The original non-OO version can be found in this repo under OldMain.elm

The interfaces for the OO version are defined in Scene/Spec.elm.

To get started with this I imagined doing something along the lines of an ECS or entity-component-system, so the drawings themselves I called Entity. In the end this wasn’t quite the right idea, but I stuck with the name Entity. A set of Entities are composed into a Scene, with this interface:

type alias SceneIF =
    { subscriptions : Sub Msg
    , update : Msg -> ( Scene, Cmd Msg )
    , view : () -> Html Msg
    , add : EntityId -> Entity Msg -> Scene
    }

And the Entities implement this interface (note move and animate not actually used in this example):

type alias EntityIF msg =
    { gestureHandler : Maybe (GestureIF msg)
    , move : VScene -> Entity msg
    , animate : Posix -> Maybe (Entity msg)
    , position : PScene
    , bbox : BLocal
    , view : ViewContextIF msg -> List (Svg msg)
    }

The gesture handlers are optional on an entity, and have this interface:

type alias GestureIF msg =
    { tap : Maybe (Pointer.PointArgs Screen -> UpdateContext msg -> UpdateContext msg)
    , doubleTap : Maybe (Pointer.PointArgs Screen -> UpdateContext msg -> UpdateContext msg)
    , drag : Maybe (Pointer.DragArgs Screen -> UpdateContext msg -> UpdateContext msg)
    , dragEnd : Maybe (Pointer.DragArgs Screen -> UpdateContext msg -> UpdateContext msg)
    }

The idea is that mouse or touch gestures are sent to the Scene through its subscription or event handlers in its view. Those events will contain the id of the entity that they take place on, and so the scene can trigger the gesture handler on an entity, provided it exists in the scene and has the relevant gesture handler.

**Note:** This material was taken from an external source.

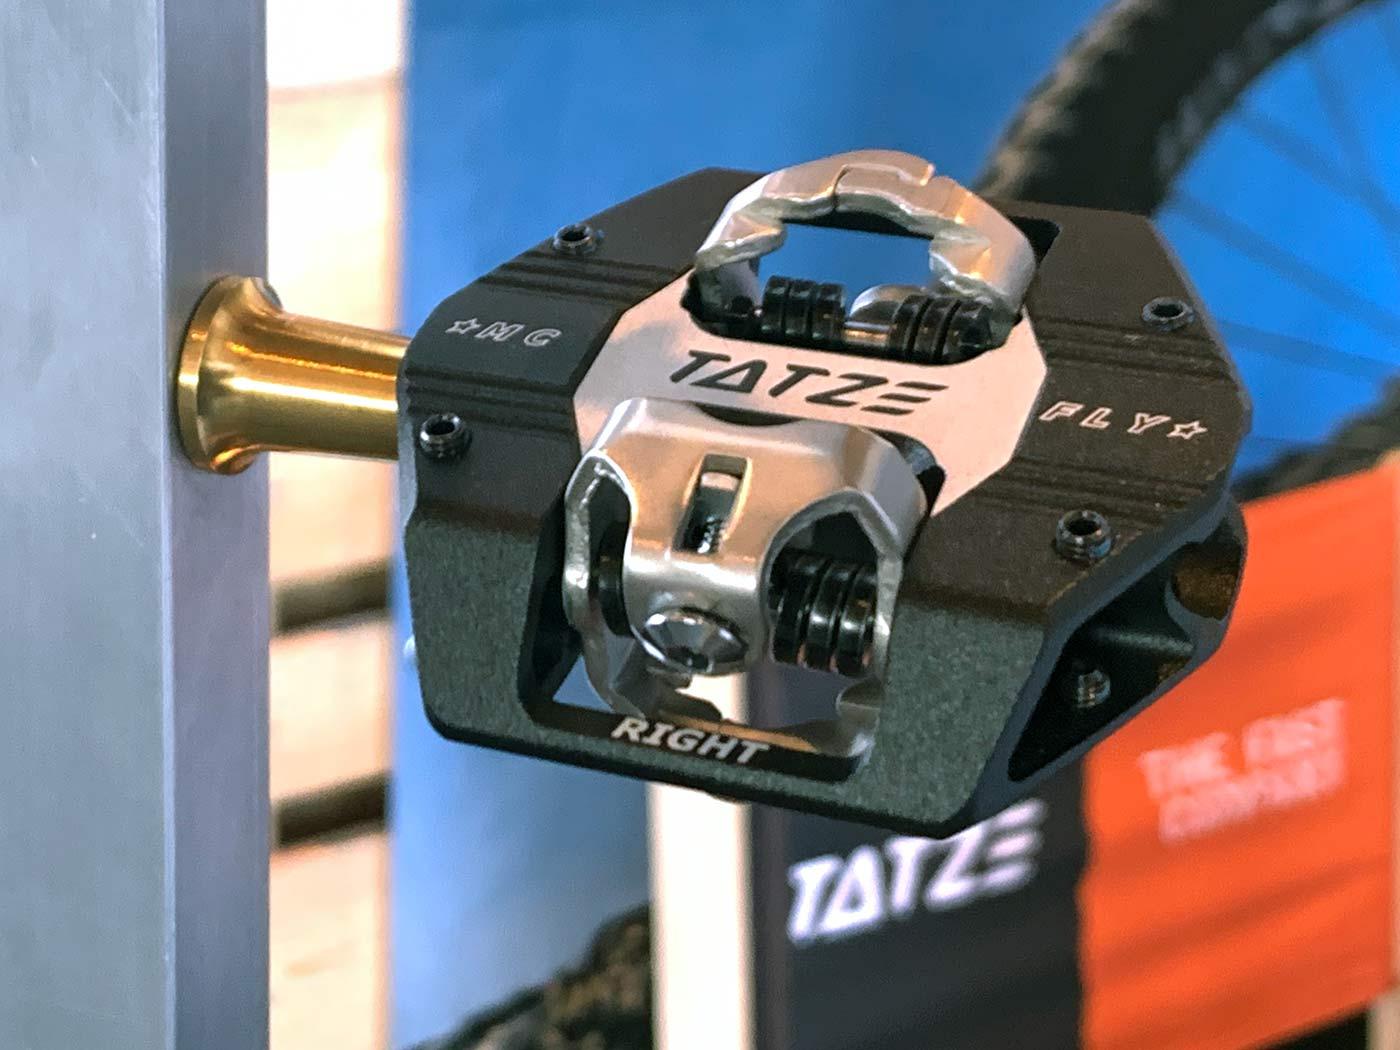 tatze xc mountain bike pedal with pins

Some interesting things about this:

  • The Entity has no idea what Msg type it is dealing with, it is parameterized over msg. This means it cannot create arbitrary side effects, it will be given an interface with functions in it to use to generate from a limited pallete of side effects (none in this example, although I did pass down noop just to show it can be done). An Entity is like a Program that I have specialized to fit a particular purpose - and unlike most Elm Programs, it is not a TEA.

  • The Scene and Entity know nothing about each others implementations. In particular new entities can be added to the codebase without touching any other code. So each entity gives a bounding box - I do not need to update a case statement somewhere that dervies bounding boxes for all Entities, just adding this code to the new one is sufficient.

Having the implementations hidden, does make it a little awkward, since sometimes the Entities do need to know things about the Scene. For view purposes, they need to know about the camera and frame and so on. For update purposes, they need some kind of interface they can apply those updates to, in order to change the state of the Scene, for example to move the camera, add more entities to the scene, etc.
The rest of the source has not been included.